Patients undergoing ERCP are often older than 75 years and present a high level of morbidity. Previous research has shown that healthy patients retain more information about risks and side effects than severely ill patients. Consent documents have also been shown to be less useful for patients with severe disease. Gostout recommended that ERCP endoscopists present important information to severely ill or elderly patients more than once so that the patient understands the risk to benefit ratio associated with ERCP. Elderly patients have additional needs that must be addressed in a situation of gastrointestinal illness, ie, risks, avoidance of costly interventions and surrogate decision-makers.
It is evident that a high degree of variability exists in the information that is disclosed to patients undergoing ERCP. Our results indicate that, in Ontario, many patients do not receive a complete description of the benefits and complications of, and alternatives to, ERCP. There are no practice guidelines specific to ERCP in the United States or Canada. Standard practice guidelines may reduce the variability of, and therefore improve, the informed consent practice. We advocate the development of American and Canadian informed consent guidelines specific to ERCP, which may help endoscopists enhance patients’ understanding of the procedure and reduce their own risk of liability. Take advantage of this opportunity – buy antibiotics online to enjoy lowest prices online.
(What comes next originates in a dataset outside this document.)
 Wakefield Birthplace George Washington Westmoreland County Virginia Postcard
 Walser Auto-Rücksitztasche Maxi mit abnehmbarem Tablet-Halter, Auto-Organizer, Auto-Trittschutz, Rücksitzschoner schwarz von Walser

In addition to the issue of what information should be disclosed, the question of when the information should be disclosed has also been a topic of interest in the literature. We did not examine this issue in our study; however, it has been agreed that requesting consent hastily only moments before a procedure is unsatisfactory. It has been suggested in the literature that patients should receive information regarding the procedure in the mail before the date of the procedure and that consent should be obtained at least 30 min before the investigation. One study examined the effectiveness of a specifically designed information booklet with an integral consent form that was mailed to patients before their procedure; the booklet was accepted by patients and improved their understanding of the procedure that they were to undergo — upper intestinal endoscopy. Given the complex nature of ERCP compared with other upper endoscopy procedures, an information booklet for ERCP may be an effective informed consent tool. An information booklet would allow a patient to take his or her time to understand the procedure and eliminates the power imbalance between patient and gastroenterologist that exists outside the comfort of the patient’s home.
One important finding of the present study was that only 18% of physicians always mentioned the chance of death to patients undergoing ERCP and 67% of respondents never mentioned it. It is understood among physicians that ERCP is usually the best of the available options for most patients. Percutaneous and operative common bile duct exploration have higher morbidity and mortality rates, while endoscopic ultrasound and magnetic resonance cholangiopancreatography are not yet widely available in Canada. There are additional reasons why physicians may not explain all other options to their patients, including the lack of time to teach patients of the details and circumstances of each choice, and the potential for confusing patients and leading them to making a more dangerous choice. Nonetheless, under Canadian law, any ‘material risk’ must be disclosed, including the 0.4% chance of death directly related to ERCP. The primary reason (84% of physicians) for not mentioning death was that there is “a low chance of it occurring”. We found variability between which risks were discussed and the severity of each risk. For example, 91% of respondents always mentioned the risk of pancreatitis associated with ERCP, 73% always mentioned the risk of perforation and 25% always mentioned the risk of an allergic reaction to the contrast agent. We recommend that the risk of pancreatitis, bleeding, perforation and death should always be discussed with every patient who is to undergo ERCP. You will always enjoy getting cialis professional 20 mg, being 100% sure you are safe.
ERCP endoscopists perform a procedure with a relatively high complication rate involving patients who are often elderly and/or severely ill. Procedures with severe complications increase the likelihood of litigation.We speculate that the low response rate to our questionnaire may be an indication of physicians’ discomfort with this topic. Therefore, ERCP endoscopists must implement thorough informed consent practices to ensure that the patient understands his or her health status and the best individual health management options. Dreaming of a reliable pharmacy to find cialis professional 20 mg and spend less money?
Of the 82 surveys sent, 36 responses were received, with three respondents indicating that they no longer performed ERCP. Therefore, the total response rate was 40% (n=33). The mean number of years in practice for respondents was 13.58 (SD 4.97), and the mean number of ERCPs performed per year was 160.25 (SD 166.32). Eighty-eight per cent of the respondents were gastroenterologists, 9% were general surgeons and 3% were radiologists. Seventy per cent of respondents practised in an academic centre and 30% practised in the community.
A self-report questionnaire was sent to ERCP endoscopists practising in Ontario. These physicians were identified through a pre-existing database. Physicians in the database included all ERCP endoscopists practising at an Ontario hospital with 100 or more beds. The survey was sent out only once and comprised 14 items pertaining to the risks, benefits and alternatives discussed; how consent was obtained; and whether the consent process was modified for patients older than 75 years. You can soon shop with a nice pharmacy offering cialis professional online to benefit more.
Design and statistical considerations
This was a cross-sectional, questionnaire-based, descriptive study. Results are expressed as a percentage of responses received per question.